Con motivos de la conmemoración del jubileo llegaron a su casa sus diecisiete  hijos, pasaron una temporada en el pueblo y se fueron cada uno con un pescadito de oro y con una marca indeleble de ceniza en la frente, luego cuando llegaron los gringos de la company frutera el coronel se altero con los cambios producidos y amenazo con reclutar a sus muchachos para volver a la guerra, esa noche la mayoría de sus hijos fueron asesinados con un tiro en la frente en la marca indeleble de ceniza en los distintos puntos del país, furioso el coronel decidió emprender una campaña y entonces visito al enfermo coronel Gerineldo Márquez para que lo ayudara a promover la guerra total _ Ay, Aureliano _ suspiro Gerineldo _ ya sabía que estabas viejo, pero ahora me doy cuenta que estás mucho más viejo de lo que pareces _  y así fracaso su último intento de promover una guerra.

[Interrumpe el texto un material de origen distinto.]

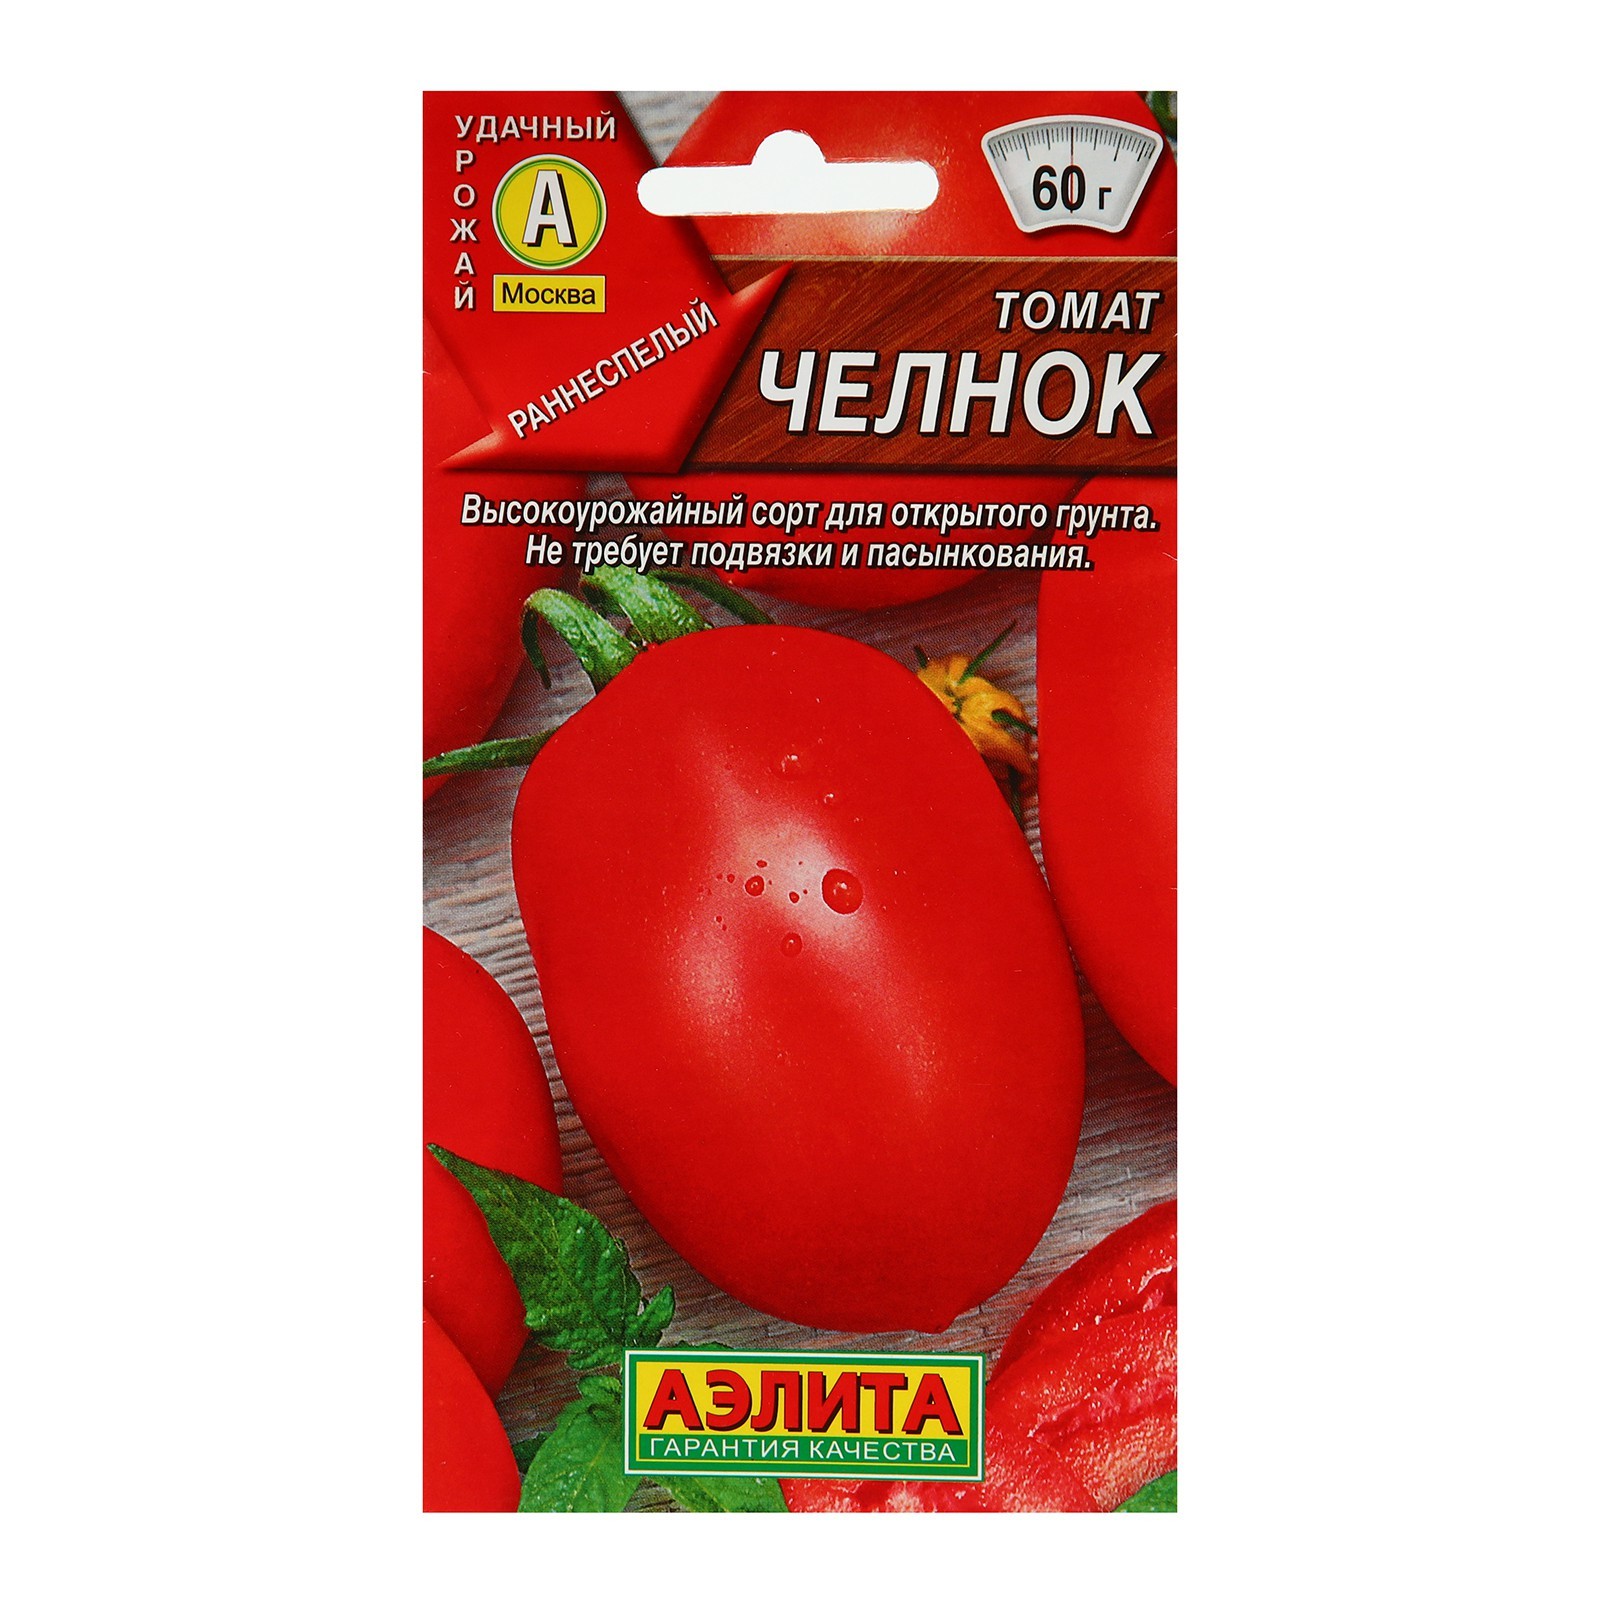 Семена томат челнок. Семена томат челнок, 20 шт. Уральский Дачник. Семена томат челнок 0,05г белая упаковка ваше хозяйство.
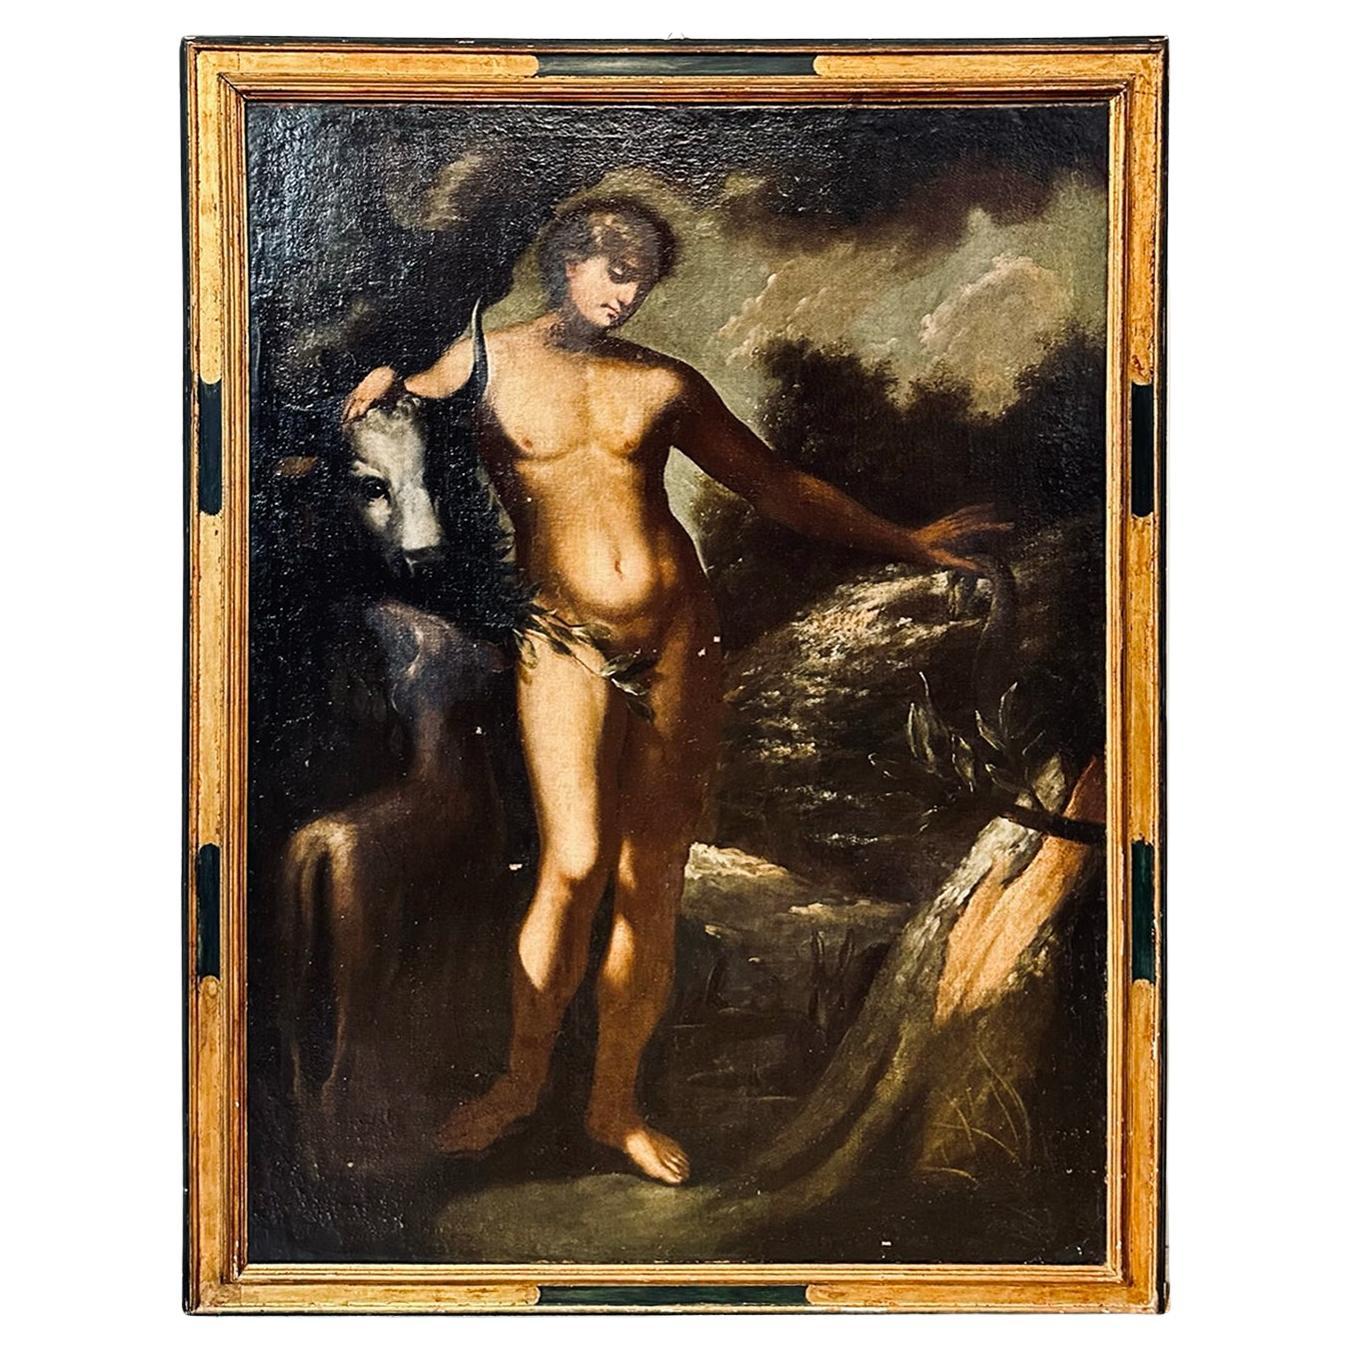 Gemälde aus dem frühen 18. Jahrhundert, das Adam darstellt - Römische Schule

Por esos días Úrsula su madre se dio cuenta de que el coronel Aureliano Buendía no le había perdido el cariño a la familia a causa del endurecimiento de la guerra, como ella creía antes, sino que nunca había querido a nadie, ni siquiera a su esposa Remedios o  a las incontables mujeres de una noche que pasaron por su vida, y mucho menos a sus hijos. Vislumbró que no había hecho tantas guerras por idealismo, como todo el mundo creía, ni había renunciado por cansancio a la victoria inminente, como todo el mundo creía, sino que había ganado y perdido por el mismo motivo, por pura y pecaminosa soberbia. Llegó a la conclusión de que aquel hijo por quien ella habría dado la vida era simplemente un hombre incapacitado para el amor. Una noche, cuando lo tenía en el vientre, lo oyó llorar ahora la lucides de la decrepitud le permitió ver, y así lo repitió muchas veces, que el llanto de los niños en el vientre de la madre no es un anuncio de ventriloquía ni de facultad adivinatoria, sino una señal inequívoca de incapacidad para el amor.